Statistics

I'm picking a few bits out of my next book but three, Science is Like That.

Lord Rutherford is supposed to have said “If your experiment needs statistics, you ought to have done a better experiment”. Yet statistical analysis reveals the underlying truths in complex situations, the sort of messes that true physicists used to shy away from. It spoils the story a bit, but Rutherford once sat in on Horace Lamb’s lectures on mathematical statistics to improve his analysis of alpha particle deflections, a task which demanded some serious statistical work.

Once upon a time, simple patterns were solved by simple analysis, with simple mathematics revealing the laws that lay beneath the patterns. By the 19th century, nothing was quite so simple any more. The patterns were more complicated, and even physics needed statistics to help deal with the large masses of data. Most medical and biological research, all social science research and many other areas of modern scientific enquiry can only work by using statistics.

While modern statistics owe more to Karl Pearson, R. A. Fisher and J. B. S. Haldane, the first steps were taken by Adolphe Quételet, and then carried forward by Florence Nightingale. Quételet was a brilliant mathematician, who learned about probability from Pierre-Simon de Laplace while studying in Paris, before he returned to his native Belgium to run a new observatory there. While the observatory was being built, Quételet began exploring the ideas of ‘social physics’ and ‘moral statistics’.

He saw that there were many predictable sets of data. Crimes, suicides and marriages all involved individual free choice, but they happened at predictable rates in different age groups, giving him the starting point for his ‘moral statistics’.

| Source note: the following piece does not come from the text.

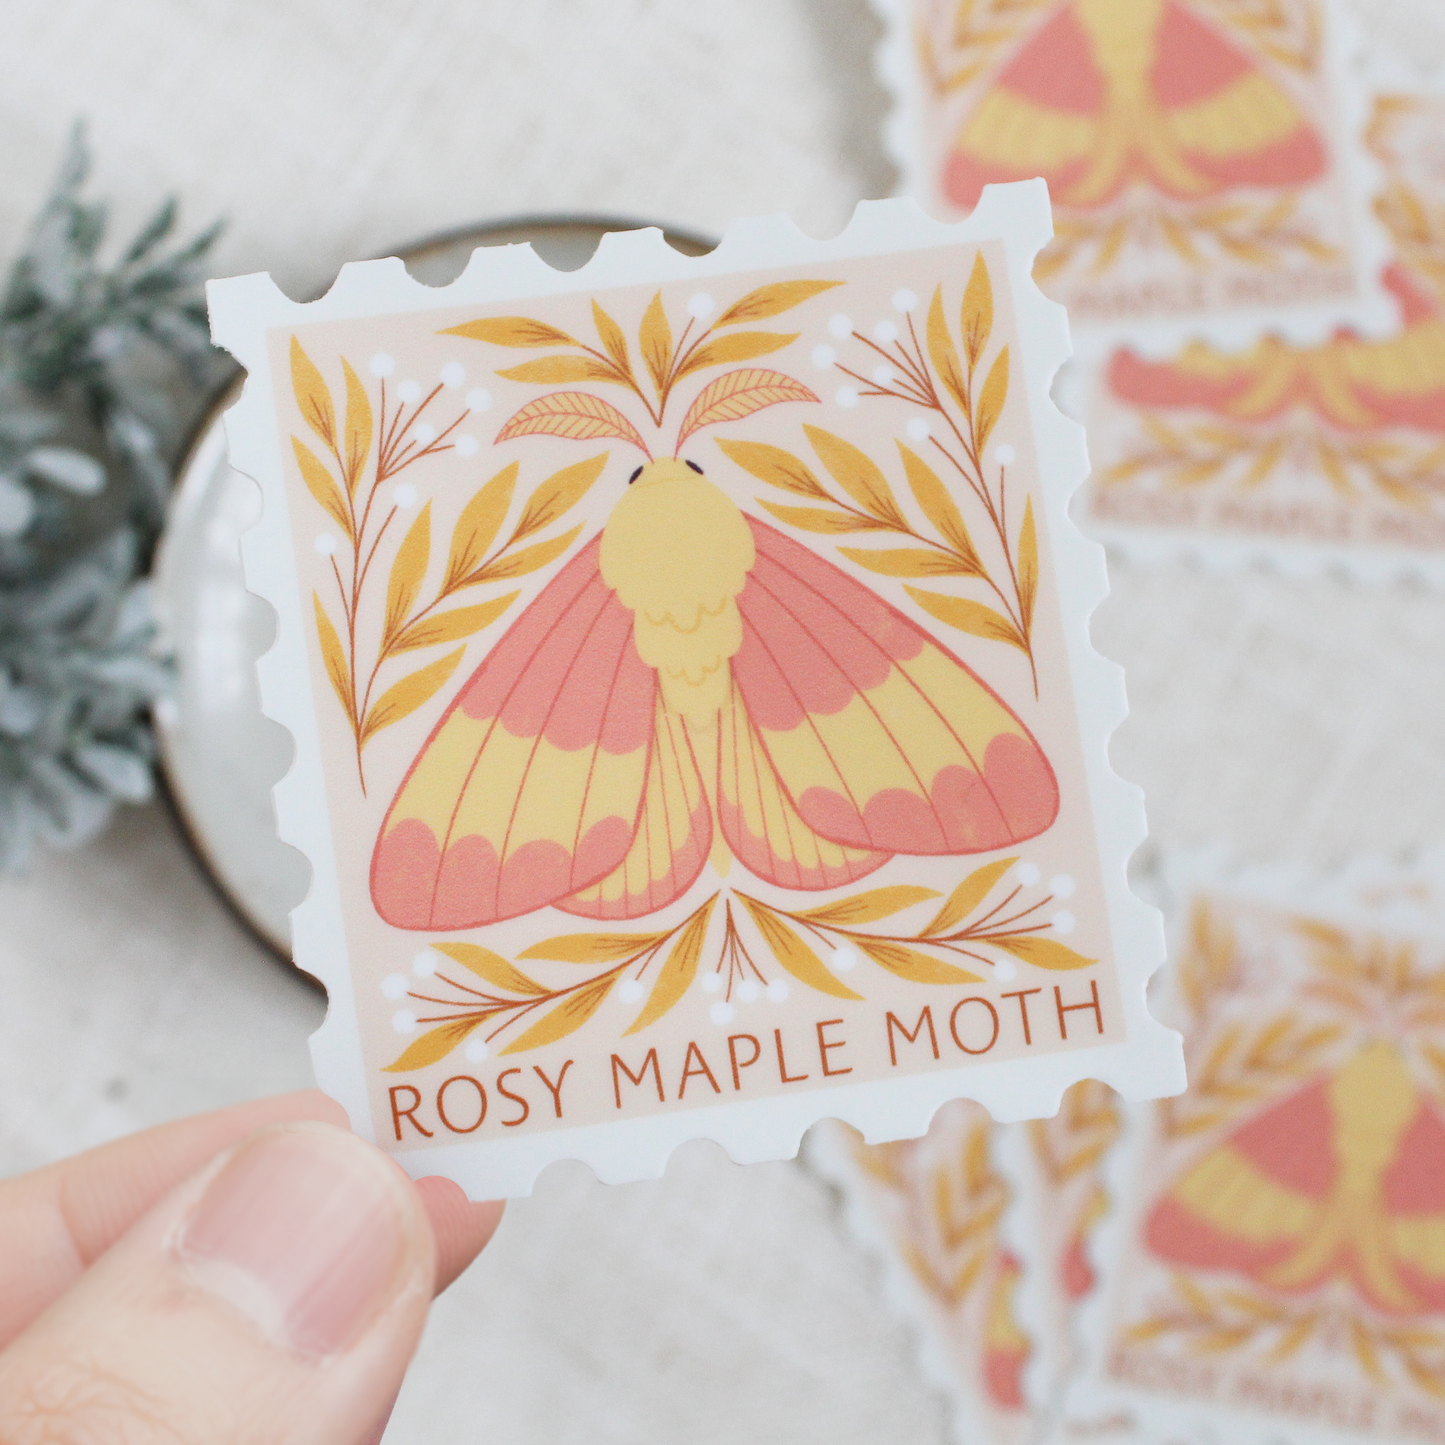 Rosy maple moth, stamp shaped vinyl sticker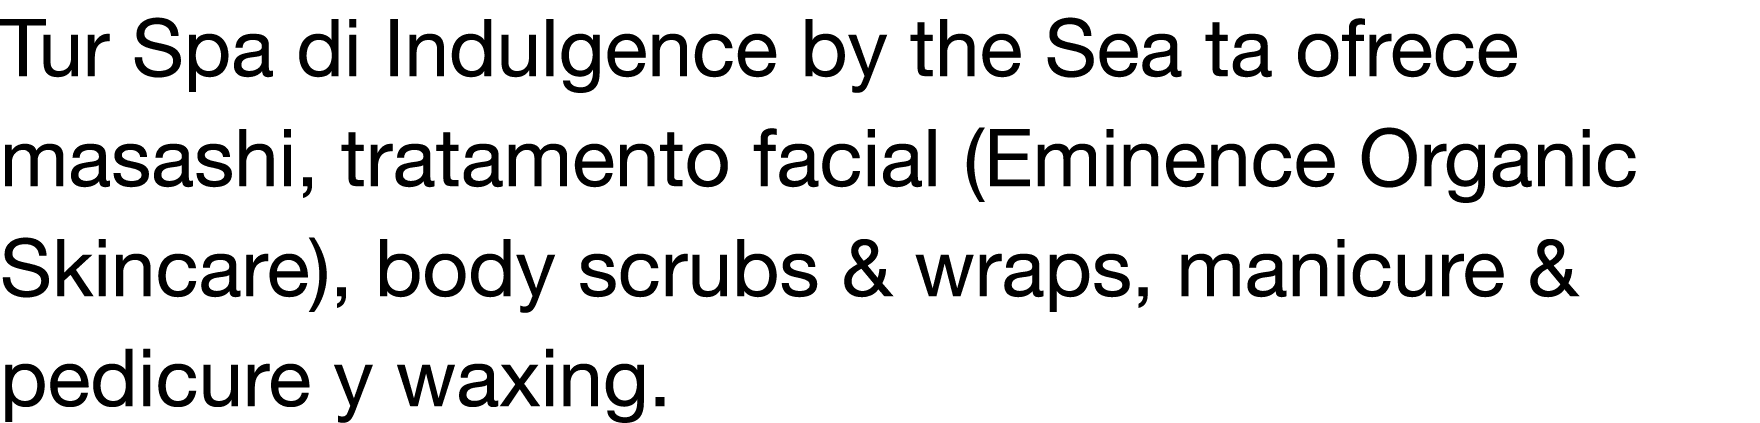 Tur Spa di Indulgence by the Sea ta ofrece masashi, tratamento facial (Eminence Organic Skincare), body scrubs & wrap

Sad condition of the human race! We can tell beforehand how many will stain their hands with the blood of their fellow-creatures, how many will be forgers, how many poisoners, almost as one can foretell the number of births and deaths.
—Adolphe Quételet, Treatise on Man, 1835.

Florence Nightingale makes an excellent case study, because while we usually know her as a nurse who gained fame during the Crimean War, the Lady of the Lamp, few people are aware that after this middle-aged spinster returned to London in 1857, she used statistics to argue for better nursing.

First, she prepared a pamphlet, based on the report of a Royal Commission, about the Crimean war campaign, where Britain and France had fought Russia. Nightingale wanted to rally public support for nursing reforms.

The pamphlet showed where the problems lay, and her Mortality in the British Army, featured the first use of pictorial charts to present data, those charts with tiny wheat bags, or oil barrels or human figures lined up like so many paper dolls. She hammered away again in 1858 in her Report on the Crimea:

It is not denied that a large part of the British force perished from causes not the unavoidable or necessary results of war…(10,053 men, or sixty percent per annum, perished in seven months, from disease alone, upon an average strength of 28,939. This mortality exceeds that of the Great Plague)…The question arises, must what has here occurred occur again?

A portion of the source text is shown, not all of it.